“If so, Nicholas, be sure that Time will right it.”
“It will mean an extra eight-eighty on my pay check, anyhow,” said the youngest reporter.
“Didn’t I tell you, Nicholas?” asked Doctor Trigg.
“You tell me so much!” exploded Doctor Sims wrathfully.
When everyone woke up to their second Monday, there was a feeling that something out of the ordinary ought to happen to celebrate it. But the extra day went serenely on its way, with what Doctor Sims called “an ostentatious lack of incident.”
Whenever they were at liberty David and Red pored over the plans of David’s invention, and talked about it with technical abandon. David did not undervalue Red’s help, and it depressed his just and generous heart to think that they could not benefit together on the invention, but to secure the patent, manufacture and put it on the market would take more thousands of dollars than both boys would possess in the next twenty years.

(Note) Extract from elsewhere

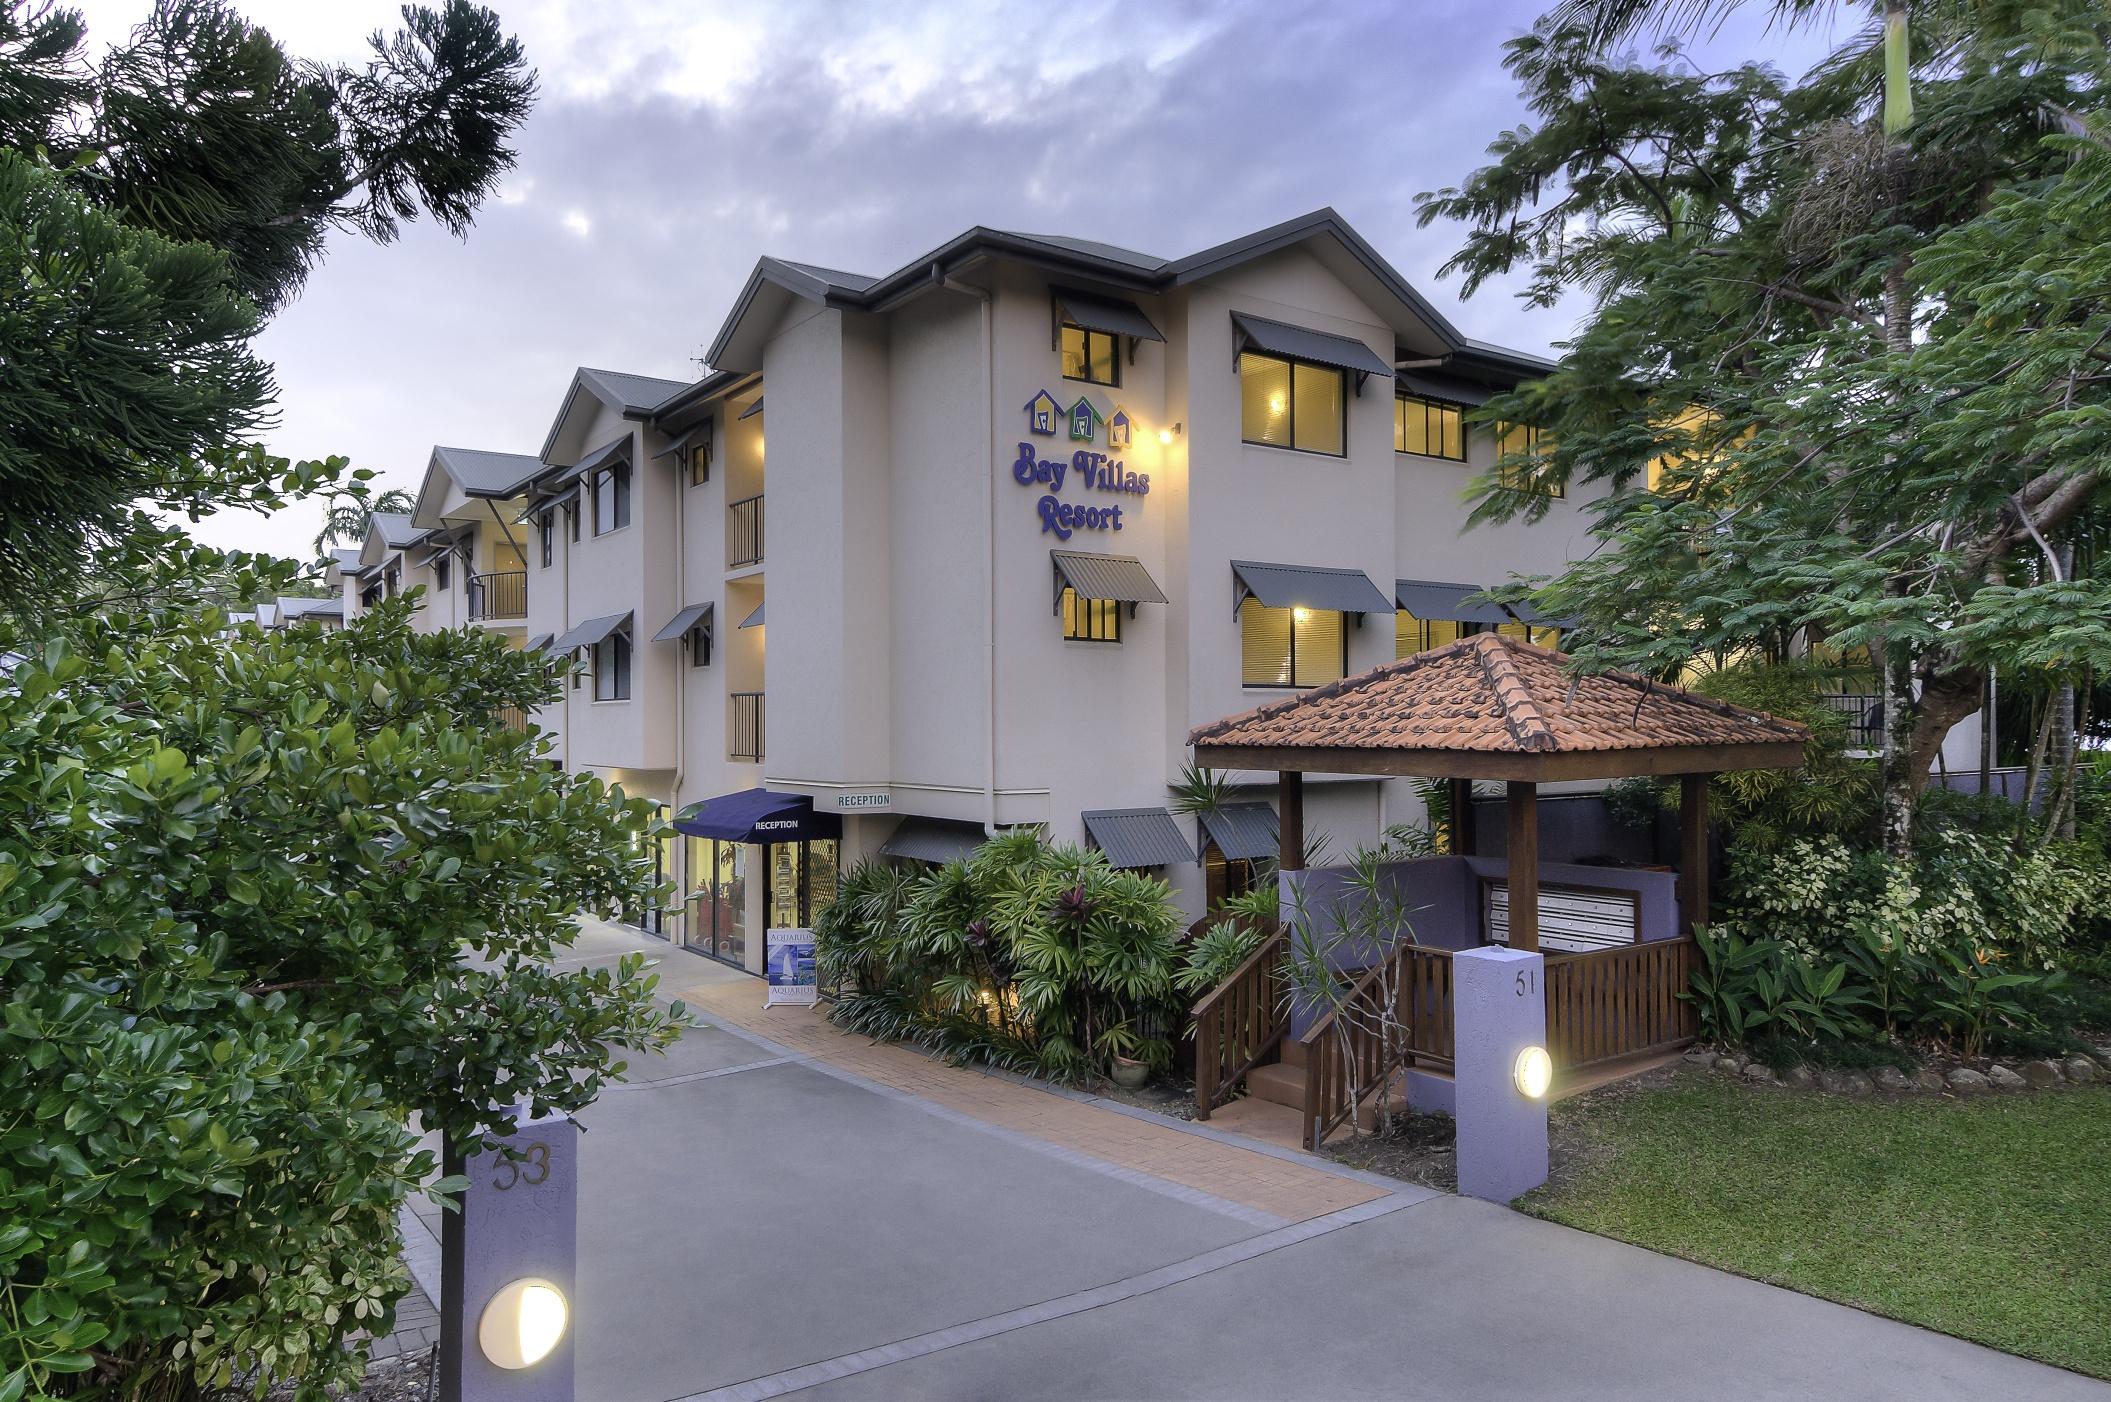 Bay Villas Resort Port Douglas

David was faced by the conditions that discourage effort in so many young inventors. Usually their sessions were broken up by Red’s furious demand of fate to know why the barren farm in Oklahoma, only twenty miles from Wally’s gushers, remained stubbornly dry. Twice had the Ryans, pooling their meager resources, drilled down, never even reaching sand.
David did not wish to mention his invention to Mr. Hammond until he had put it up for the prize at the Goodlow School. He did not know that Dulcie had spoken to her father about it. However, Mr. Hammond respected his reticence, and asked no questions.
Late on that queer second Monday, Red met Dulcie in the control room.
“I hear you have bespoken a new chauffeur, Miss Hammond,” he said quizzically. “I wonder you didn’t offer me the job.”